For chained bio, trace_block_bio_complete in bio_endio is currently called
only by the parent bio once upon all chained bio completed.
However, the sector and size for the parent bio are modified in bio_split.
Therefore, the size and sector of the complete events might not match the
queue events in blktrace.

The original fix of bio completion trace <fbbaf700e7b1> ("block: trace
completion of all bios.") wants multiple complete events to correspond
to one queue event but missed this.

The issue can be reproduced by md/raid5 read with bio cross chunks.

To fix, move trace completion into the loop for every chained bio to call.

To make sense of the tail call optimization, the bio_chained_endio
handing should be at the end of bio_endio(), move blk_throtl_bio_endio()
and bio_uninit() to the else closure of bio_chain_endio condition.
blk_throtl_bio_endio updates latency for the throttle group, and
considering the throttle group tracks the latency of the current device,
we should record the latency after all chained bio finish. And since the
resources of the chained bio are released by bio_put() in
__bio_chain_endio(), calling bio_uninit() for chained bio is not necessary.

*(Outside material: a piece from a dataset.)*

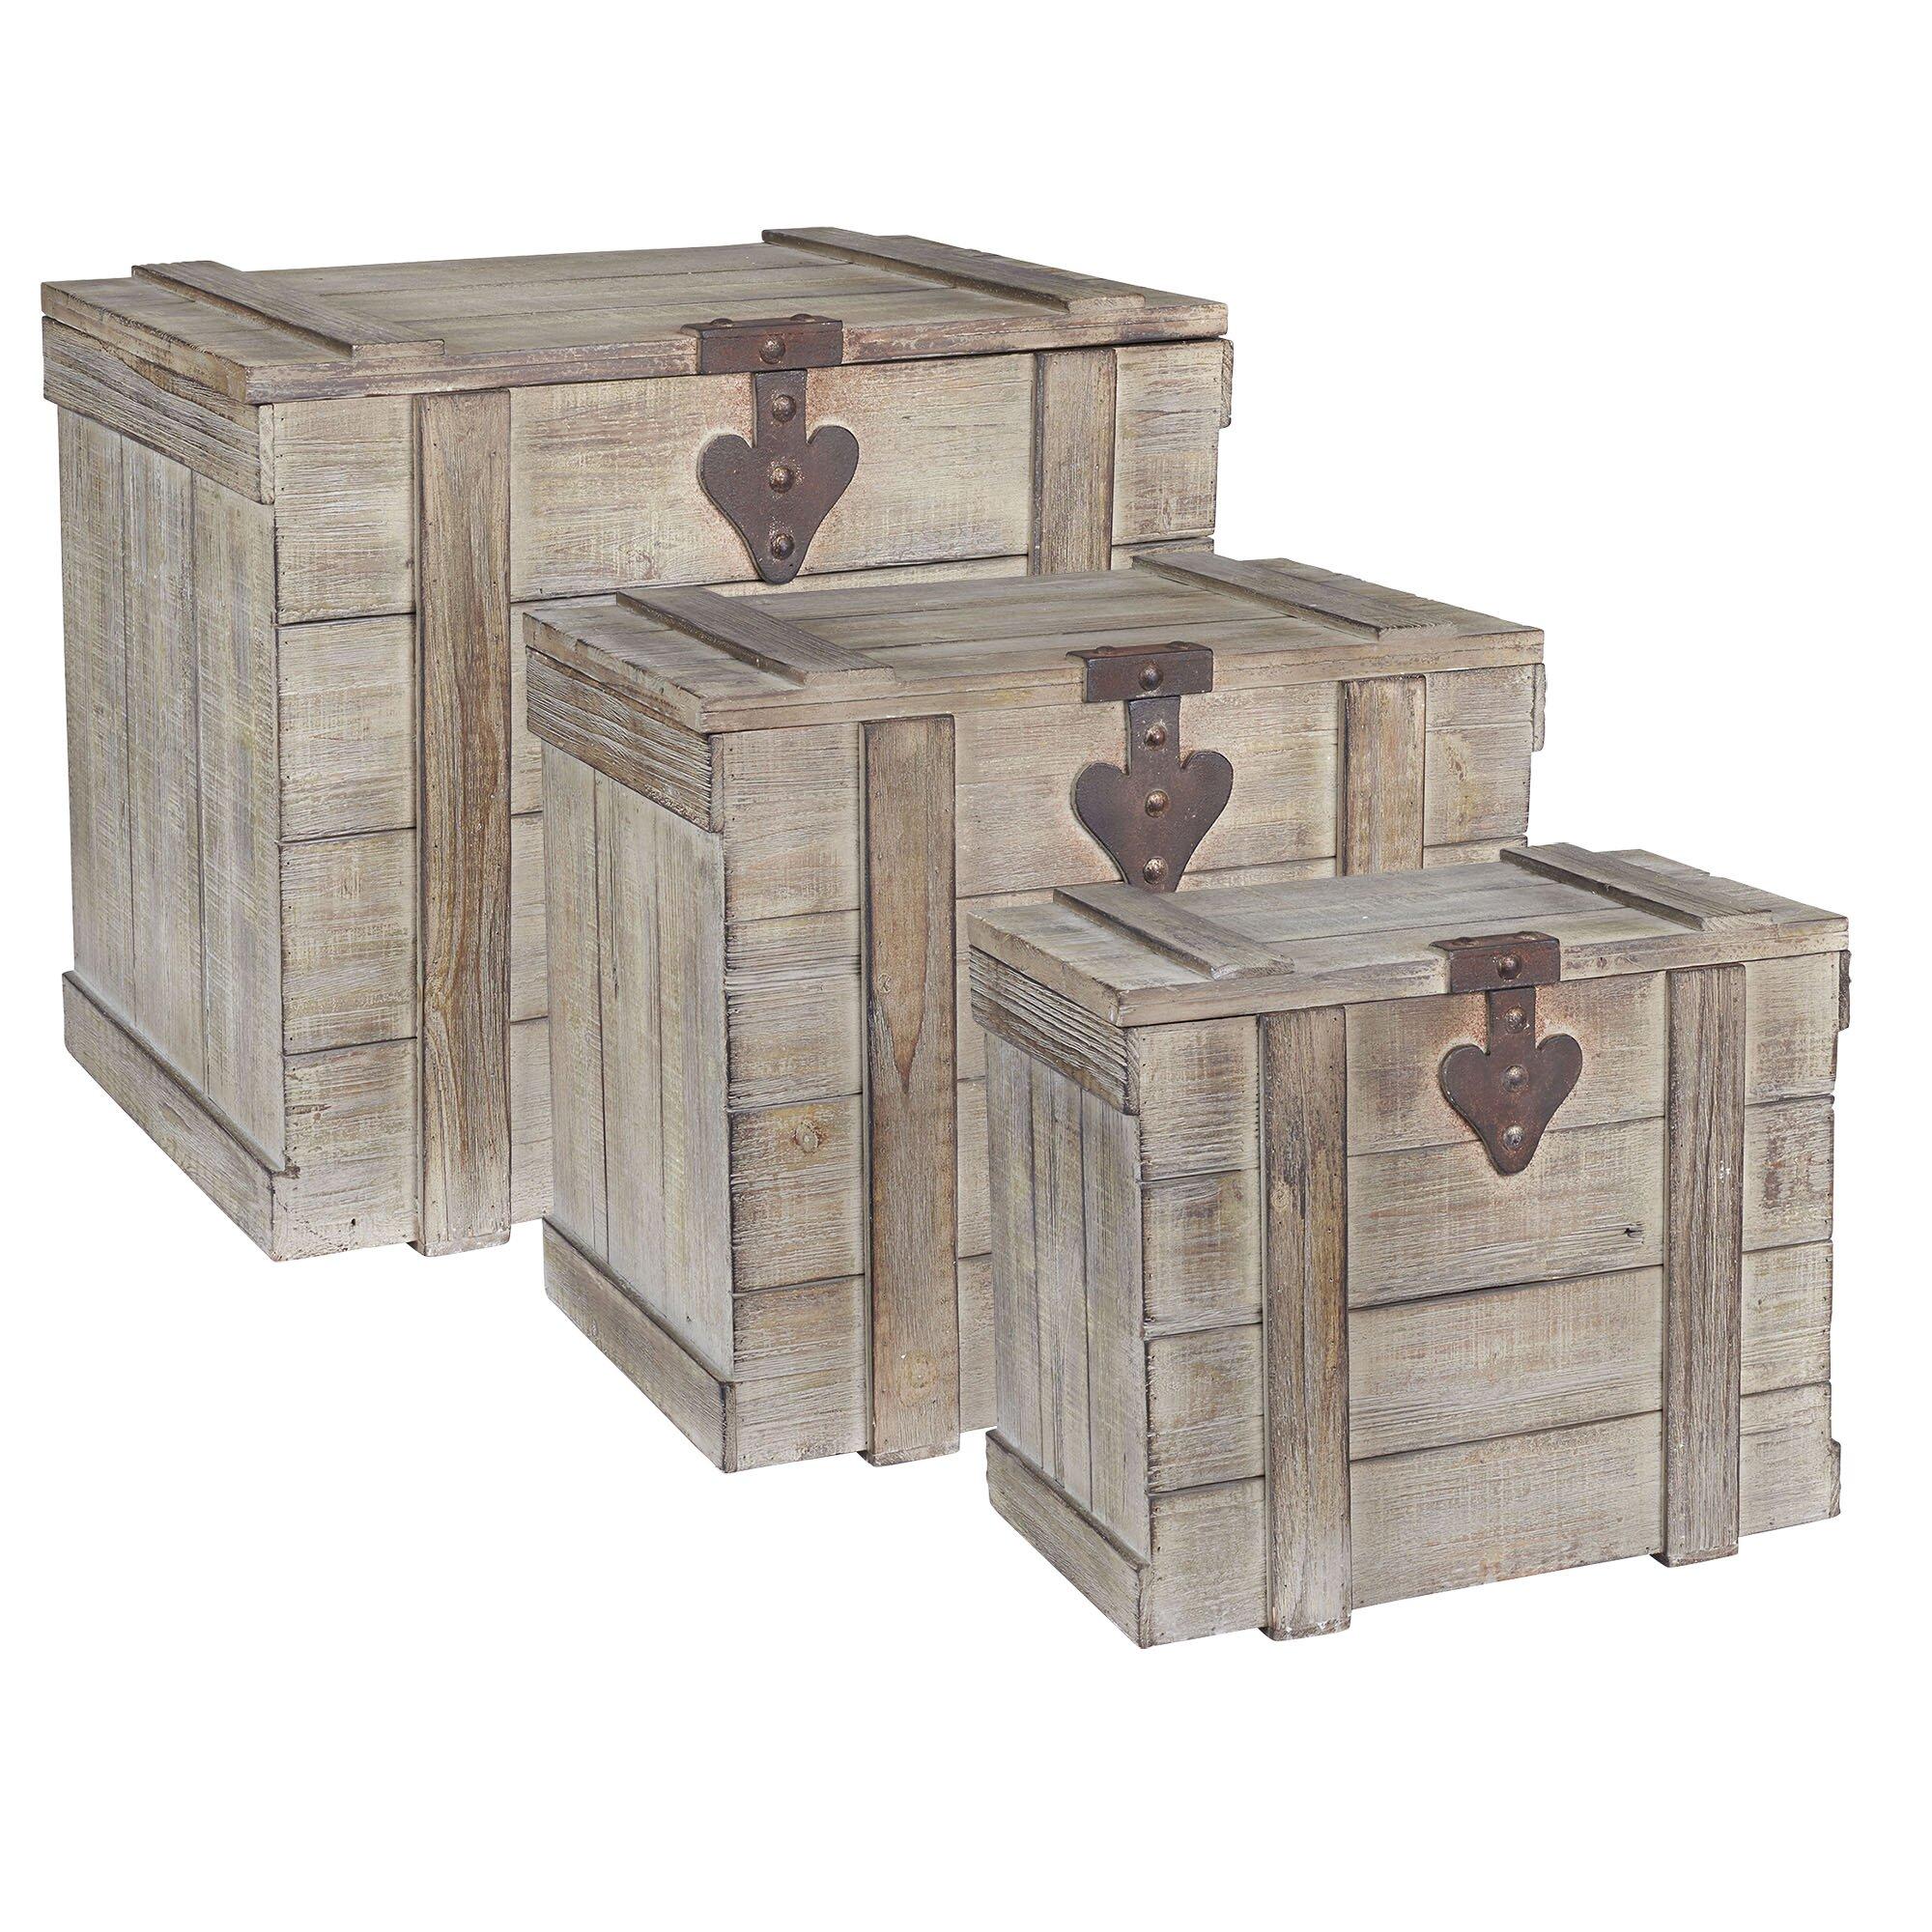 3 piece wooden home chest set

Fixes: fbbaf700e7b1 ("block: trace completion of all bios.")
Reviewed-by: Wade Liang <wadel@xxxxxxxxxxxx>
Reviewed-by: BingJing Chang <bingjingc@xxxxxxxxxxxx>
Signed-off-by: Edward Hsieh <edwardh@xxxxxxxxxxxx>
---
block/bio.c | 25 ++++++++++++-------------
1 file changed, 12 insertions(+), 13 deletions(-)

diff --git a/block/bio.c b/block/bio.c
index 44205dfb6b60..dcb23e75f083 100644
--- a/block/bio.c
+++ b/block/bio.c
@@ -1375,8 +1375,7 @@ static inline bool bio_remaining_done(struct bio *bio)
*
* bio_endio() can be called several times on a bio that has been chained
* using bio_chain(). The ->bi_end_io() function will only be called the
- * last time. At this point the BLK_TA_COMPLETE tracing event will be
- * generated if BIO_TRACE_COMPLETION is set.
+ * last time.
**/
void bio_endio(struct bio *bio)
{
@@ -1389,6 +1388,11 @@ void bio_endio(struct bio *bio)
if (bio->bi_bdev)
rq_qos_done_bio(bio->bi_bdev->bd_disk->queue, bio);

+ if (bio->bi_bdev && bio_flagged(bio, BIO_TRACE_COMPLETION)) {
+ trace_block_bio_complete(bio->bi_bdev->bd_disk->queue, bio);
+ bio_clear_flag(bio, BIO_TRACE_COMPLETION);
+ }
+
/*
* Need to have a real endio function for chained bios, otherwise
* various corner cases will break (like stacking block devices that
@@ -1400,18 +1404,13 @@ void bio_endio(struct bio *bio)
if (bio->bi_end_io == bio_chain_endio) {
bio = __bio_chain_endio(bio);
goto again;
+ } else {
+ blk_throtl_bio_endio(bio);
+ /* release cgroup info */
+ bio_uninit(bio);
+ if (bio->bi_end_io)
+ bio->bi_end_io(bio);
}
-
- if (bio->bi_bdev && bio_flagged(bio, BIO_TRACE_COMPLETION)) {
- trace_block_bio_complete(bio->bi_bdev->bd_disk->queue, bio);
- bio_clear_flag(bio, BIO_TRACE_COMPLETION);
- }
-
- blk_throtl_bio_endio(bio);
- /* release cgroup info */
- bio_uninit(bio);
- if (bio->bi_end_io)
- bio->bi_end_io(bio);
}
EXPORT_SYMBOL(bio_endio);

--
2.31.1